La storia che ci raccontano i greci non è meno bella di quella che ci raccontano Feynman e Mandelbrot. E non mi metto a parlare di quelle che potrebbero raccontarci fisiologi e chimici sul funzionamento delle piante a livello cellulare o su cosa nascondano al loro interno i prodotti da esse ricavati che noi comunemente ed impunemente utilizziamo nella vita quotidiana. La fame di conoscenza, l'essere curiosi, sono le uniche caratteristiche che ci distinguono dalle fiere e dai leghisti. Chi rinuncia a questo, chi si accontenta di grattare la scorza, chi sbuffa davanti alle spiegazioni da "secchione" per la paura di affaticarsi l'intonsa corteccia cerebrale, come quelli che lasciano la plastica intorno al divano, si priva di una delle più grandi gioie della natura stessa, che consente di essere odorata, guardata, lusingata, assaporata, ma anche compresa e svelata. Ed è buona norma ringraziare chi -con il suo lavoro e la sua dedizione- ci spalanca le porte dei sensi, consentendoci di vedere dove prima c'era solo la fitta nebbia dell'ignoranza e di allargare le nostre prospettive e i nostri interessi.

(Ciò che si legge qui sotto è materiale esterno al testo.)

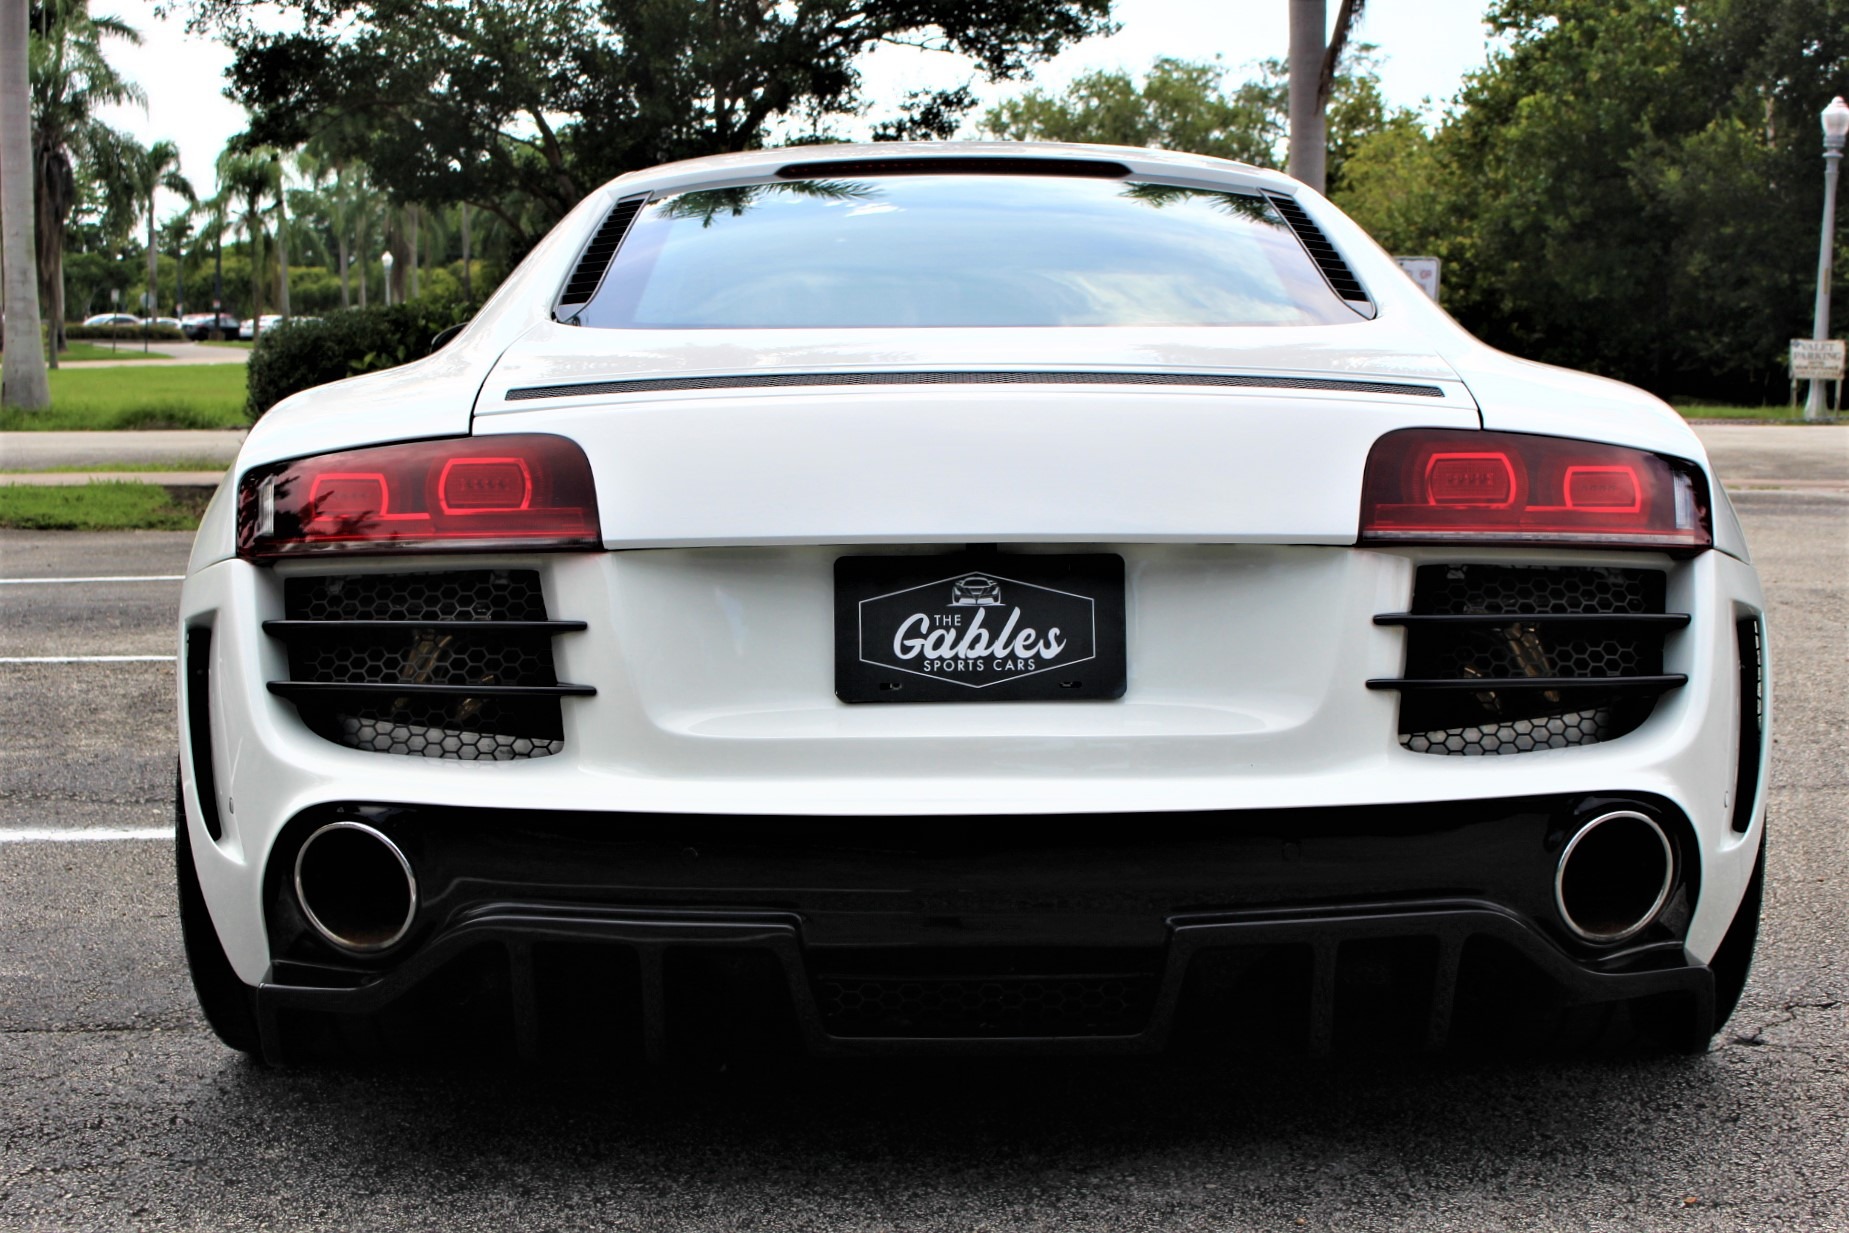 Used 2010 Audi R8 5.2 quattro for sale Sold at The Gables Sports Cars in Miami FL 33146 3

Senza ombra di dubbio, chi sa sa, e ne gode anche, a livelli più alti e più profondi di chi soltanto guarda.
Chi non sa, insegna.
E chi non sa neppure insegnare, scrive.

2 commenti:

  1. "Chi non sa, insegna. Chi non sa insegnare insegna ginnastica, chi non sapeva insegnare ginnastica veniva assegnato alla nostra scuola".
    (W.A.)
    Bellissimo post.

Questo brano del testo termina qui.